Terminologie Côlon: Gros-intestin. Tumeur primaire: la tumeur maligne qui se forme en premier. Dans ce texte un cancer du colon, qui disperse des cellules cancéreuses dans la circulation sanguine et dans d’autres organes. Métastase: Foyer de cellules cancéreuses ou „tumeur secondaire“ d’un carcinome. La métastase se forme quand des cellules cancéreuses, en provenance de la tumeur primitive, s’installent dans un autre organe pour s’y multiplier. Polype, polype du côlon: Proéminence se formant sur la muqueuse à l’intérieur du côlon. Les polypes peuvent être bénins et le rester, mais ils peuvent aussi cancériser ou être dès le but des tumeurs malignes, en particulier dans le gros intestin. Coloscopie: Elle sert à visualiser l’intérieur du côlon afin de permettre un diagnostic et prévoir la thérapie.

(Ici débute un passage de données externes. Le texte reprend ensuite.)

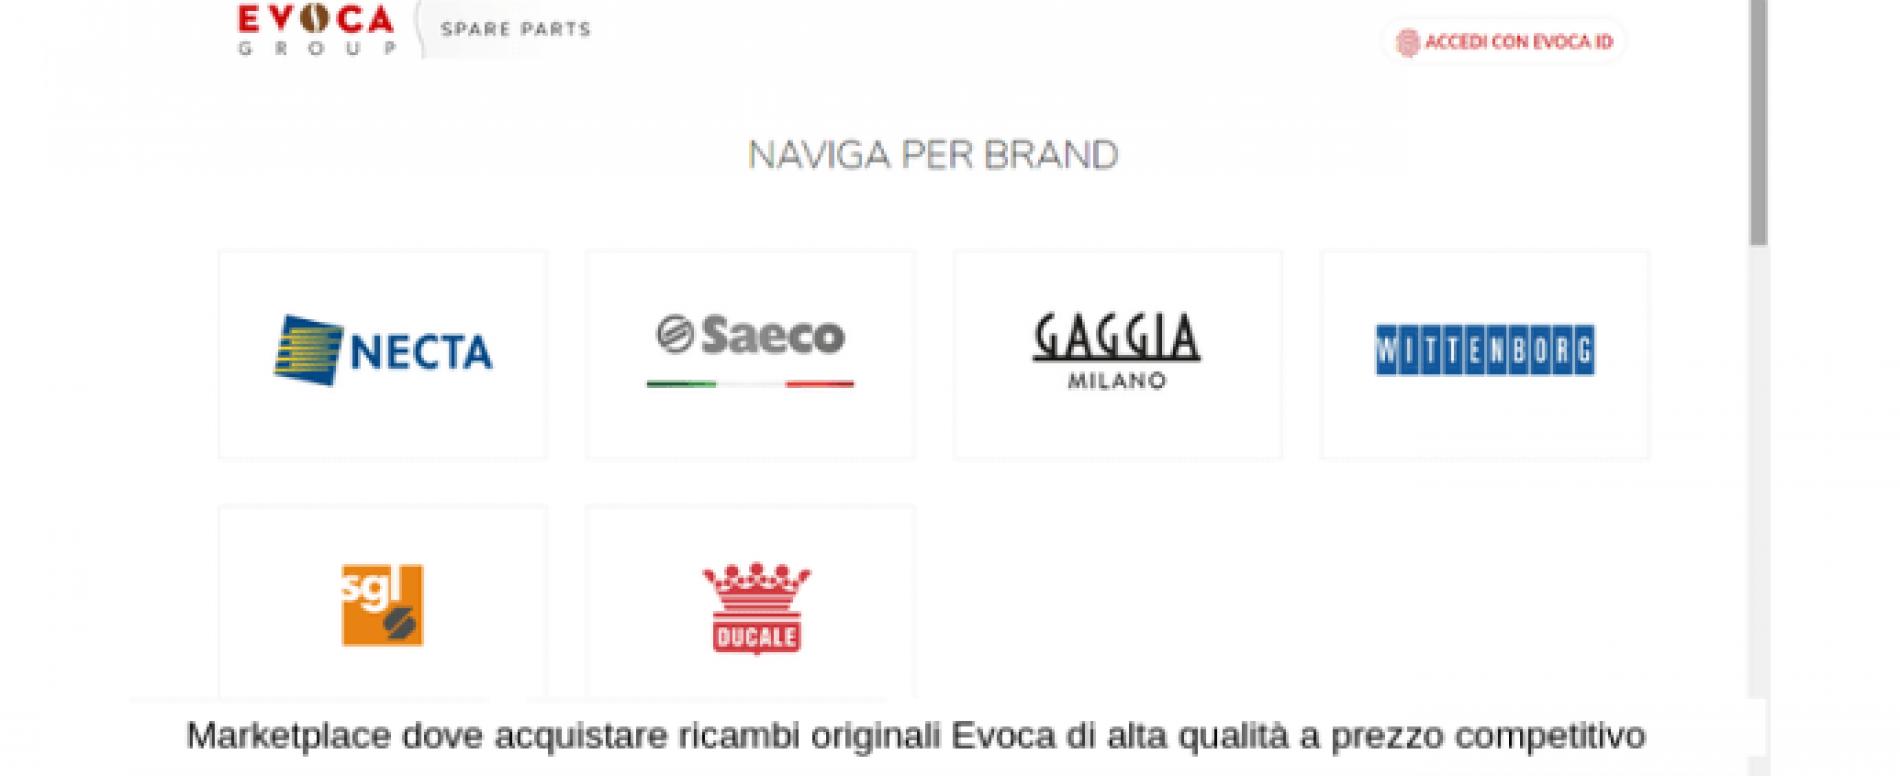 EVOCA Group presenta il nuovo portale  e-commerce

Elle consiste à introduire dans le côlon un câble souple en fibre de verre, muni à son extrémité d’un système optique, afin d’examiner le revêtement interne du côlon, y prélever de manière ciblée des échantillons de tissu, éloigner des polypes du côlon et, le cas échéant, arrêter une hémorragie. Chimiothérapie: Destruction des cellules cancéreuses à l’aide d’un médicament (produits chimiothérapeutiques). La plupart du temps il s’agit d’une combinaison de deux ou de plusieurs produits chimiothérapeutiques. Ablation par radiofréquence: Destruction des cellules cancéreuses en y introduisant une sonde thermique. Les ondes électromagnétiques, émanant de la pointe de la sonde, détruisent le tissu de la tumeur par la chaleur produite. Un procédé complémentaire,
si l’ablation chirurgicale de la tumeur ou d’une métastase est impossible. Anus artificiel: Opération qui consiste à pratiquer un orifice artificiel du côlon par l’abouchement d’un segment du colon à la paroi abdominale, afin de permettre l’évacuation des selles. L’anus artificiel sera plus tard refermé, à moins qu’il faille le conserver de manière définitive.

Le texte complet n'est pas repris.